Por lo tanto, lo repito, no puede aparecer inocente sin que todo el Estado mayor aparezca culpable. Por esto las oficinas militares, usando todos los medios que les ha sugerido su imaginación y que les permiten sus influencias, defienden a Esterhazy para hundir de nuevo a Dreyfus. ¡Ah!, que gran barrido debe hacer el Gobierno republicano en esa cueva jesuítica (frase del mismo general Billot). ¿Cuándo vendrá el ministerio verdaderamente fuerte y patriota, que se atreva de una vez a refundirlo, y renovarlo todo? Conozco a muchas gentes que, suponiendo posible una guerra, tiemblan de angustia, ¡porque saben en qué manos esta la defensa nacional! ¡En qué albergue de intrigas, chismes y dilapidaciones se ha convertido el sagrado asilo donde se decide la suerte de la patria! Espanta la terrible claridad que arroja sobre aquel antro el asunto Dreyfus; el sacrificio humano de un infeliz, de un puerco judío. ¡Ah! se han agitado allí la demencia y la estupidez, maquinaciones locas, prácticas de baja policía, costumbres inquisitoriales; el placer de algunos tiranos que pisotean la nación, ahogando en su garganta el grito de verdad y de justicia bajo el pretexto, falso y sacrílego, de razón de estado.

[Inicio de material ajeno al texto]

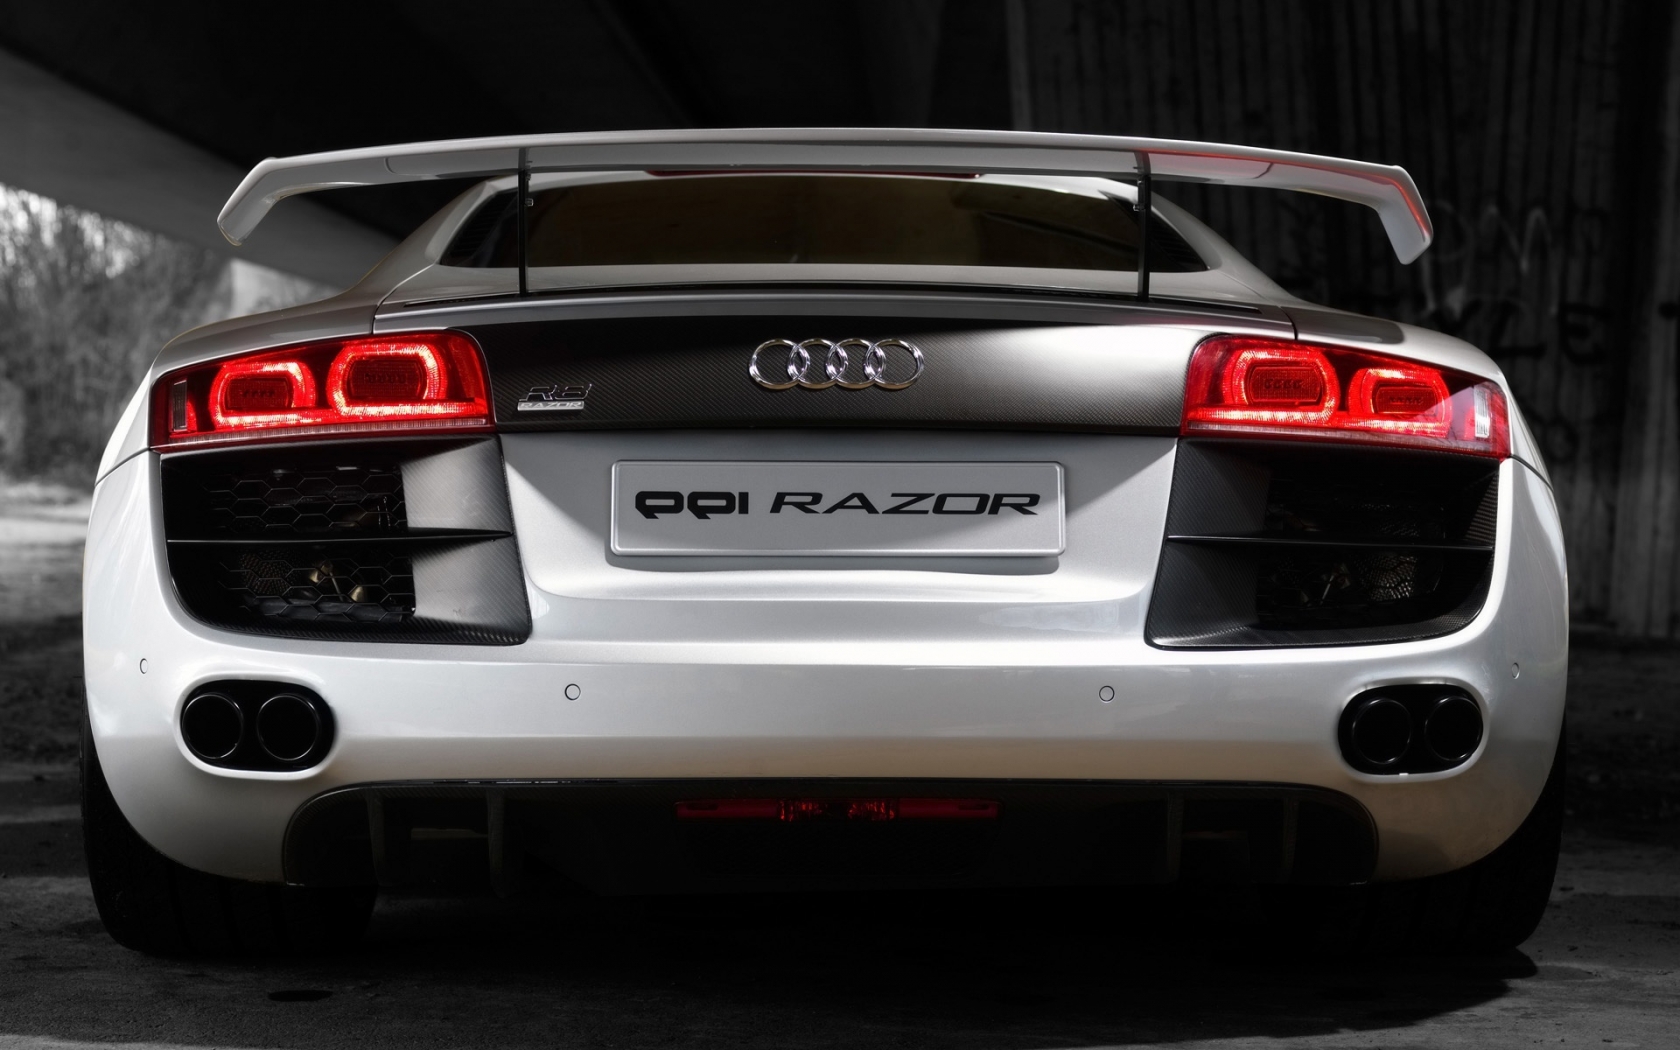 2008 PPI Audi R8 Razor Rear for 1680 x 1050 widescreen resolution

Y es un crimen más apoyarse con la persona inmunda, dejarse defender por todos los bribones de París, de manera que los bribones triunfen insolentemente, derrotando el derecho y la probidad. Es un crimen haber acusado como perturbadores de Francia a cuantos quieren verla generosa y noble a la cabeza de las naciones libres y justas, mientras los canallas urden impunemente el error que tratan de imponer al mundo entero. Es un crimen extraviar la opinión con tareas mortíferas que la pervierten y la conducen al delirio. Es un crimen envenenar a los pequeños y a los humildes, exasperando las pasiones de reacción y de intolerancia, y cubriéndose con el antisemitismo, de cuyo mal morirá sin duda la Francia libre, si no sabe curarse a tiempo. Es un crimen explotar el patriotismo para trabajos de odio; y es un crimen, en fin, hacer del sable un dios moderno, mientras toda la ciencia humana emplea sus trabajos en una obra de verdad y de justicia.

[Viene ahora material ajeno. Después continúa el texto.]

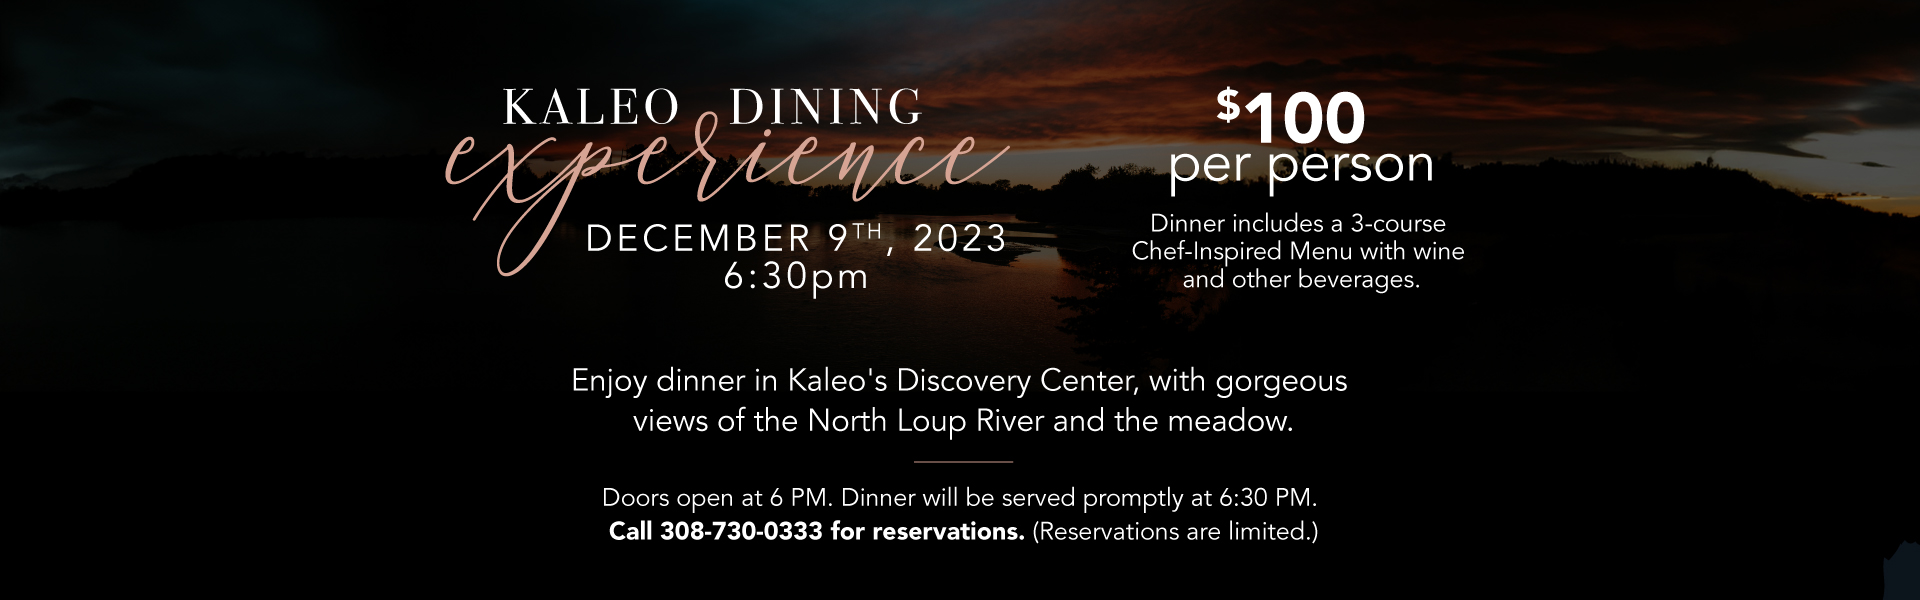 Kaleo Dining Experience

¡Esa verdad, esa justicia que nosotros buscamos apasionadamente, las vemos ahora humilladas y desconocidas! Imagino el desencanto que padecerá sin duda el alma de M. Scheurer-Kestner, y lo creo atormentado por los remordimientos de no haber procedido revolucionariamente el día de la interpelación en el Senado, desembarazándose de su carga, para derribarlo todo de una vez. Creyó que la verdad brilla por si sola, que se lo tendría por honrado y leal, y esta confianza lo ha castigado cruelmente. Lo mismo le ocurre al teniente coronel Picquart que, por un sentimiento de dignidad elevada, no ha querido publicar las cartas del general Gonse; escrúpulos que lo honran de tal modo que, mientras permanecía respetuoso y disciplinado, sus jefes lo hicieron cubrir de lodo instruyéndole un proceso de la manera mas desusada y ultrajante. Hay, pues, dos víctimas; dos hombres honrados y leales, dos corazones nobles y sencillos, que confiaban en Dios, mientras el diablo hacia de las suyas. Y hasta hemos visto contra el teniente coronel Picquart este acto innoble: un tribunal francés consentir que se acusara públicamente a un testigo y cerrar los ojos cuando el testigo se presentaba para explicar y defenderse. Afirmo que esto es un crimen más, un crimen que subleva la conciencia universal. Decididamente, los tribunales militares tienen una idea muy extraña de la justicia.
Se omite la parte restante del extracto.